**** SOURCE DATA

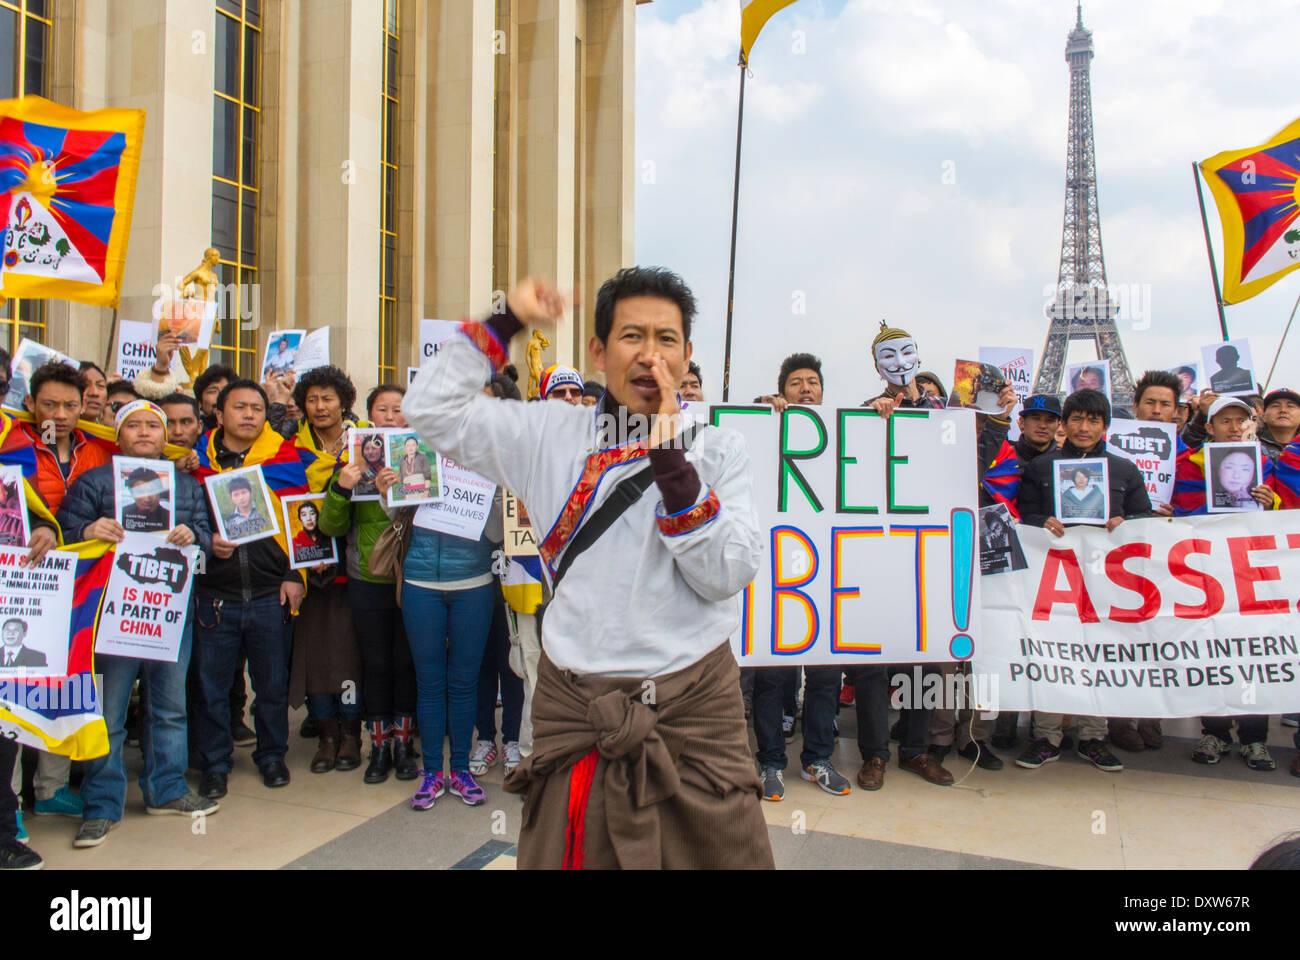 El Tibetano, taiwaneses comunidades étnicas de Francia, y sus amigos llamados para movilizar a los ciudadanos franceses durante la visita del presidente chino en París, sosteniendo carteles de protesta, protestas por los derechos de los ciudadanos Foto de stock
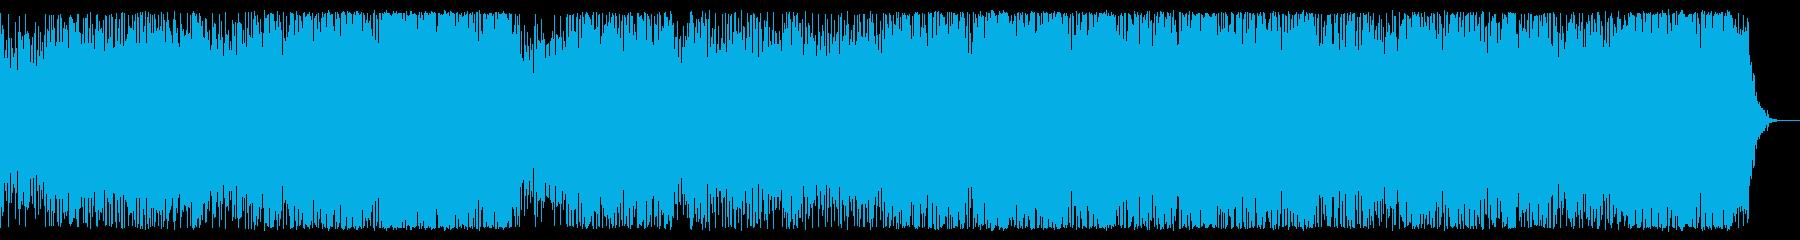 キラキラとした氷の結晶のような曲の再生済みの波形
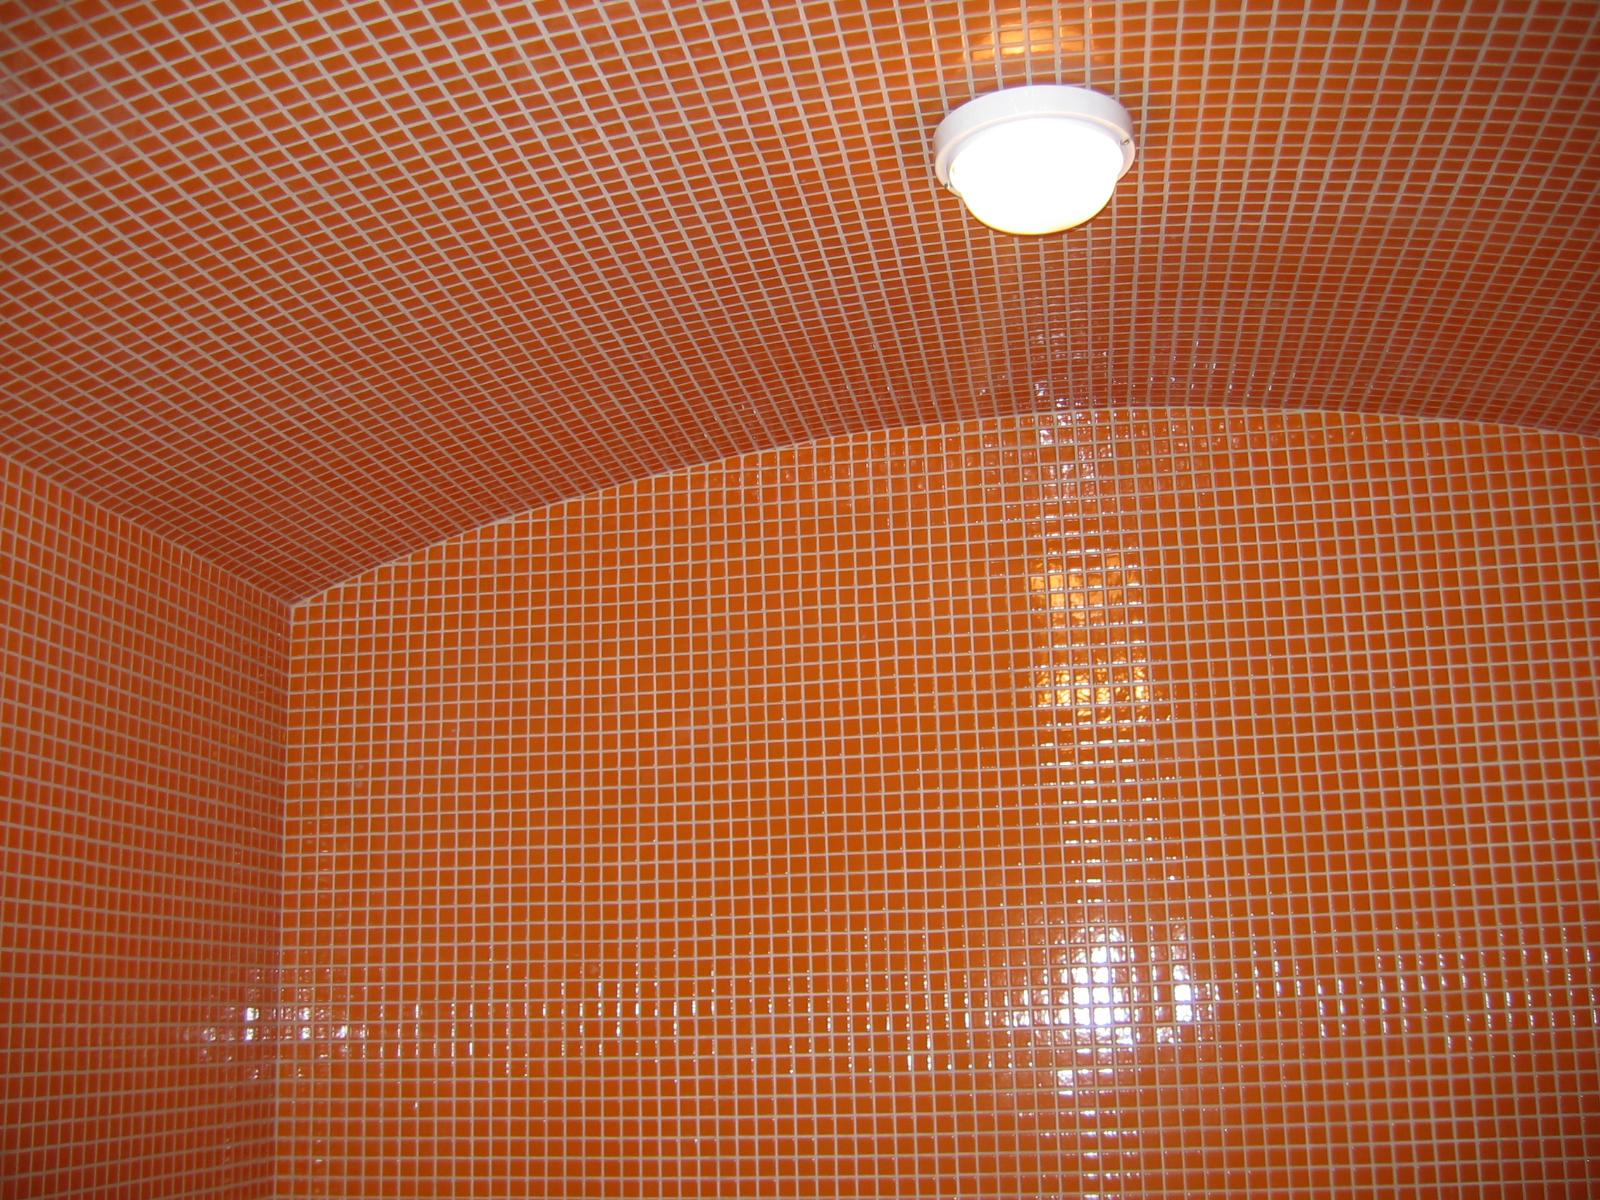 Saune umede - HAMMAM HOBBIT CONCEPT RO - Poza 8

********
**** SOURCE DATA

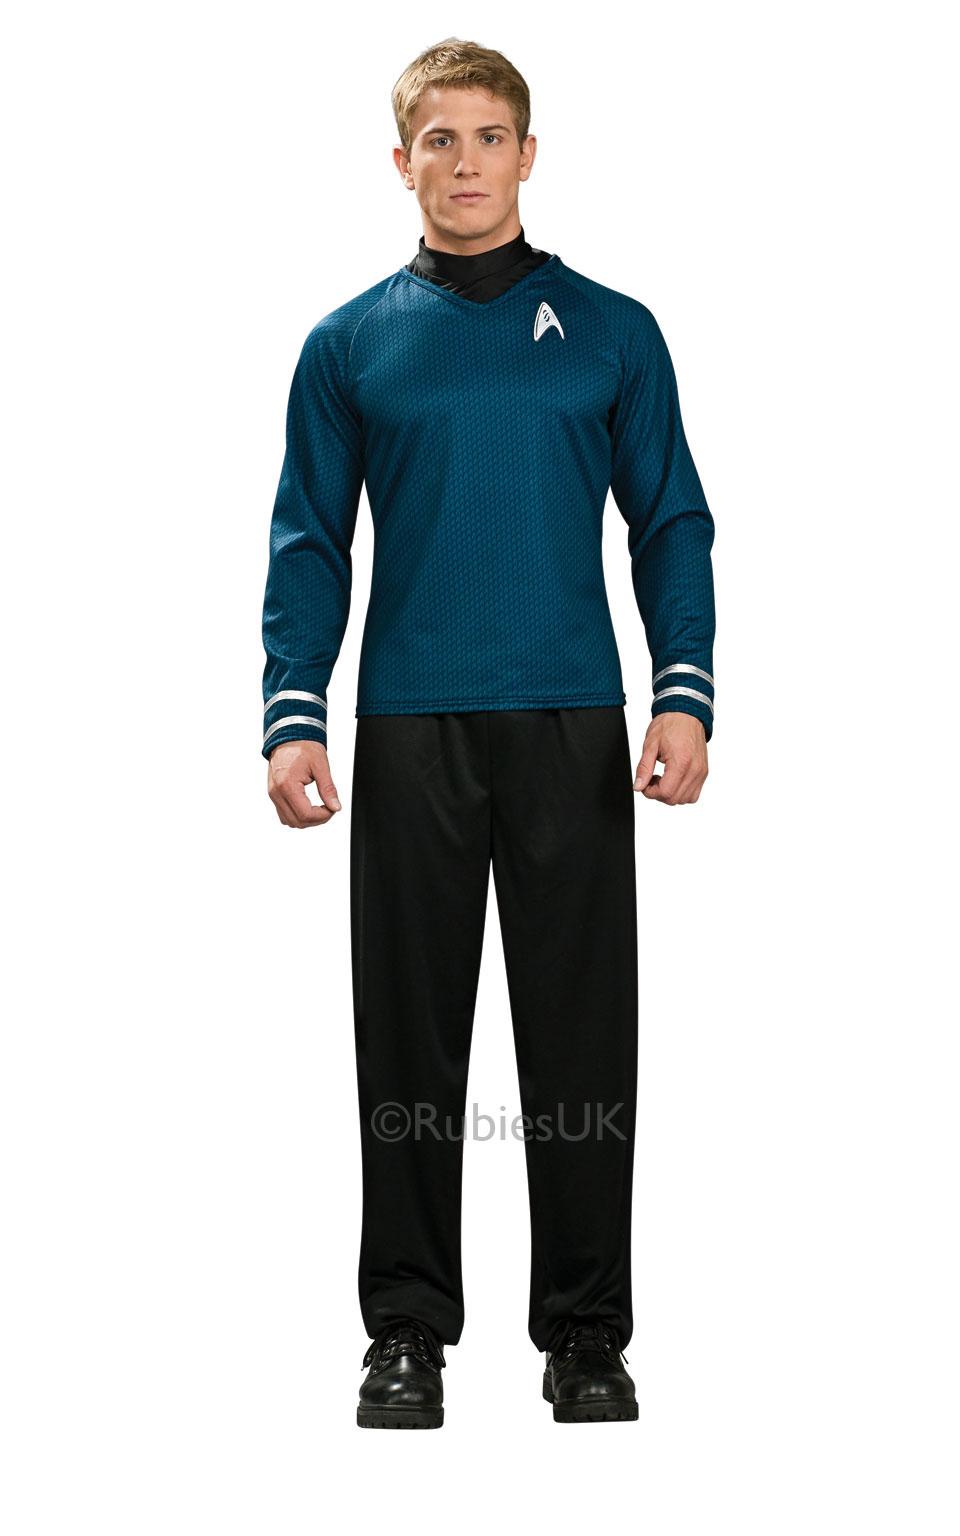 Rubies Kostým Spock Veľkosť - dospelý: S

********

#### EXERCISE REQUIREMENTS
Leave the pictures out. Output, exactly, the lines of the material above starting at the line containing "キラキラとした氷の結晶のような曲の再生済みの波形" and ending at the line containing "Saune umede - HAMMAM".

#### WORKED SOLUTION
 キラキラとした氷の結晶のような曲の再生済みの波形
 Saune umede - HAMMAM HOBBIT CONCEPT RO - Poza 8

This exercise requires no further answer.